The most recent news is that the radical measures being imposed on the population of Shanghai will continue almost indefinitely, with Reuters quoting the authorities as justifying the continued mass quarantine as having “effectively curbed transmissions”. Residents in most areas in and around the city are now permitted to leave their homes to an extent but many shops remain closed and driving vehicles in many parts of Shanghai requires a permit. This applies to trucks as well as passenger vehicles.

The effect on all aspects of logistics has also been extreme. Port operations have been the most noticeably affected, with very significant queues of vessels outside the main container terminals. One American academic from New York University in Shanghai published data from VesselsValue suggesting that there were twice as many ships waiting to load or unload outside Shanghai than the already elevated numbers in 2021. The Chinese authorities insist that both the container complexes in Shanghai and all operations at Pudong airport are working normally. This may sort of be true in that the real problem is handling and moving cargo landside, both within the Shanghai area and in many other parts of China. This is a problem that has been familiar to China over the past two years.

Various types of manufacturing are also suffering even though some production activity continues. The most frequently cited example is that of Tesla which has sustained output, in part by getting its workforce to sleep inside the factory. Other producers have not been so lucky.
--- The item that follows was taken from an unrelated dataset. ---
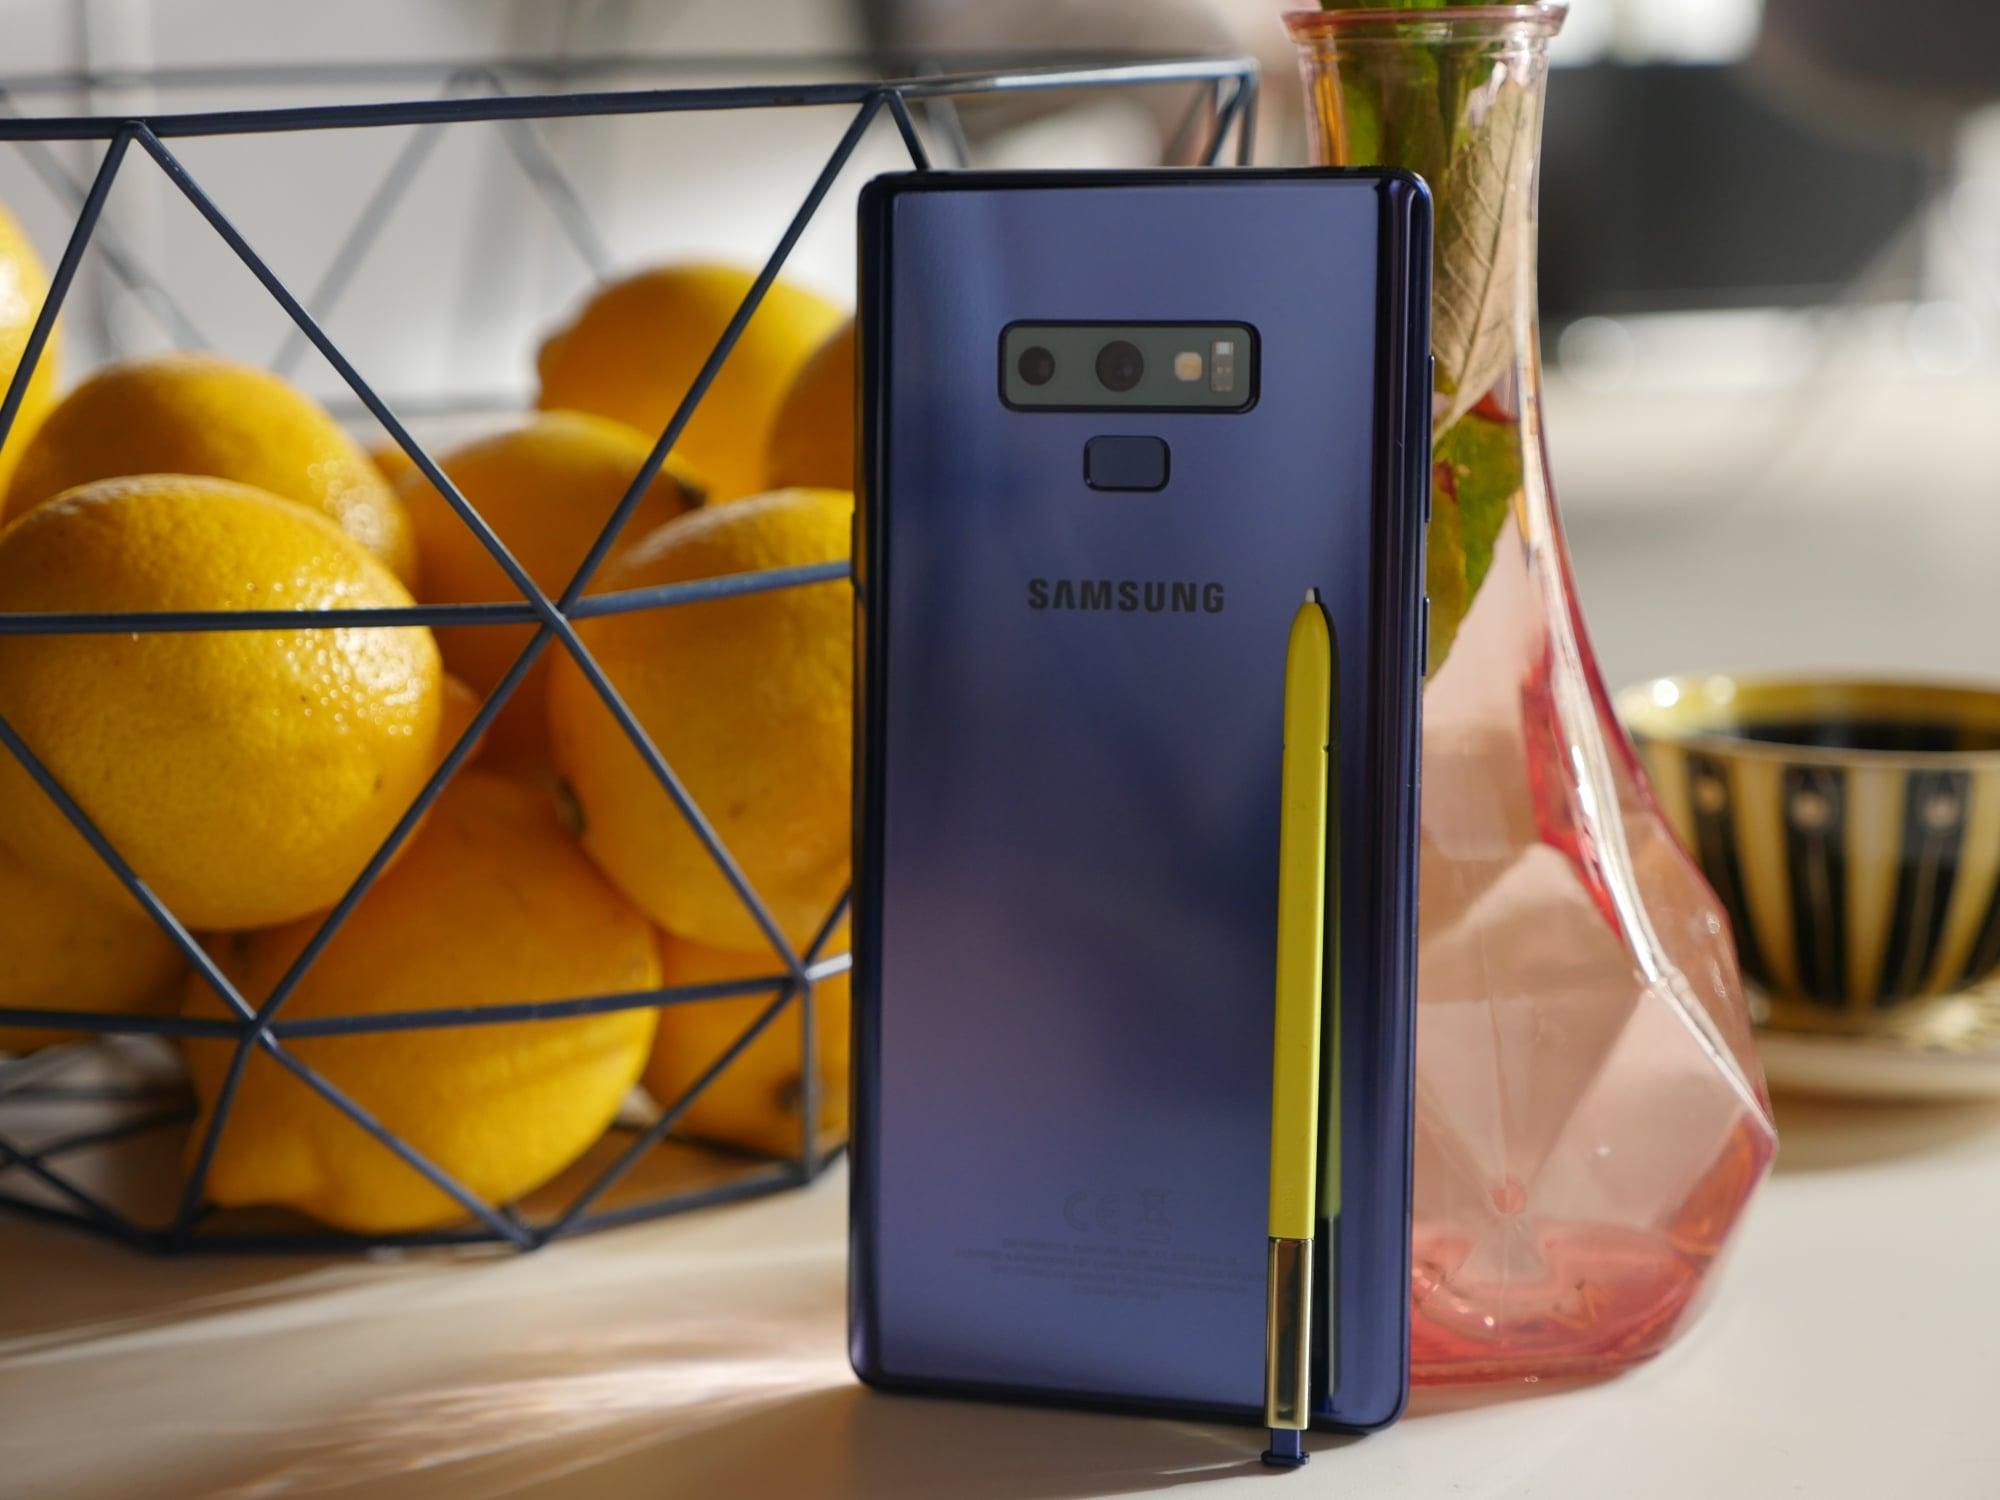 Samsung Galaxy Note 9 z aktualizacją systemu. Wśród nowości wrześniowe poprawki bezpieczeństwa i usprawnienia aparatu 18

None of this is new in that these sorts of mass lockdowns have been occurring on and off in China since the beginning of 2020. What is new is that it can happen at such intensity in an urban area as large as Shanghai and that it shows no sign of ending. The implication must be that whilst the rest of the world will see a return to normal levels of capacity in areas such as airfreight, road freight and shipping, China will continue to inject instability into both supply chains and freight transport networks.